# Woman at Petco



## gotchea (May 4, 2013)

*This isn't a rant, just something I experienced.

Today Wilder and I went to petco. I spent a good 20 minutes or so looking at their baby girl rats and decided that one looked a little more submissive than the others. It was also super cute, looked like Bronte18's Casper! So I asked this woman if I could see the rat. She pretty much told me no. haha. She told me that she knows I have a boy rat and that they will breed and I will have tons of rats and how will I take care of all of them and so on and so on. I was trying to reassure her that Wilder can't breed with a female rat because they are different species, but she said "a rat is a rat." I didn't really know how to respond at this point. I thought it was nice someone actually caring about the rats. I ended up just letting it go and asked if they had bird perches. I just thought that was a different experience than I normally have there. I hope they keep that lady around, even if she thinks I am a stupid person. haha


----------



## kksrats (Jul 25, 2014)

This made me giggle a little. I would not have taken quite so kindly to being told I was wrong as you did, but I'm glad someone at a chain store actually cares what you do with the rats you buy.


----------



## RadiantRatties (Jul 28, 2014)

They're different species? What do you mean?

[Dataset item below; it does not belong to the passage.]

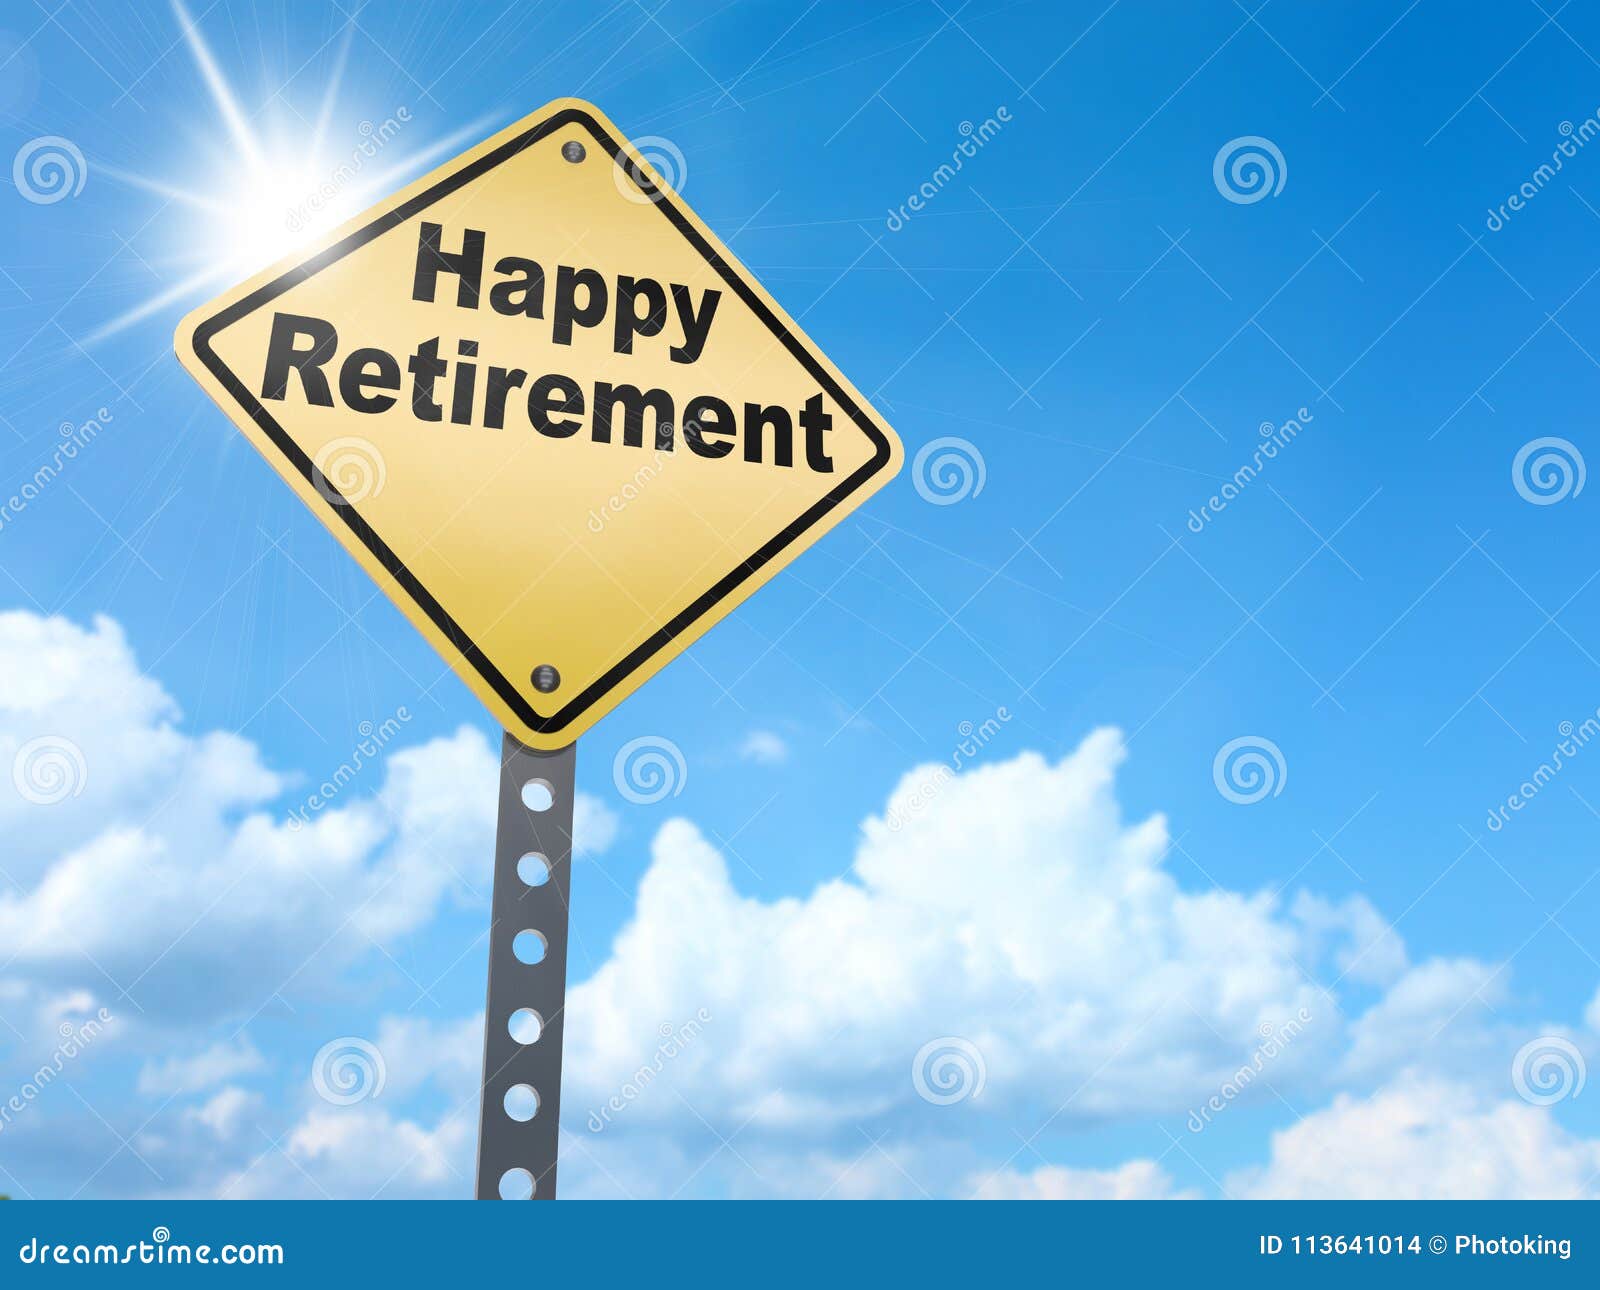 happy retirement sign

Sent from Petguide.com Free App


----------



## kksrats (Jul 25, 2014)

Wilder is a black rat (correct?), Rattus rattus, and fancy rats (our pets) are Rattus norvegicus. Same genus (Rattus), different species (rattus and norvegicus).


----------



## gotchea (May 4, 2013)

kksrats is correct!! Sometimes I take kindly to it, sometimes I don't. haha Hit and miss really. She was a little rude about it, but I figured this poor woman has to sell these poor rats to people who couldn't careless. Must be a hard job.


----------



## kksrats (Jul 25, 2014)

Oh I'm probably the most difficult person to get a rat from. I interrogate people until I'm confident that they're not an absolute idiot.


----------



## gotchea (May 4, 2013)

That is good though! Must make sure they go to the best homes.


----------



## gotchea (May 4, 2013)

Another worker there said I shouldn't get him a friend at all. He said because he was raised by me that Wilie probably thinks he is a human not a rat. The man thinks that's why he reacts so funny towards other rats. haha.


----------



## RadiantRatties (Jul 28, 2014)

Are black rats wild rats? I'm just curious. 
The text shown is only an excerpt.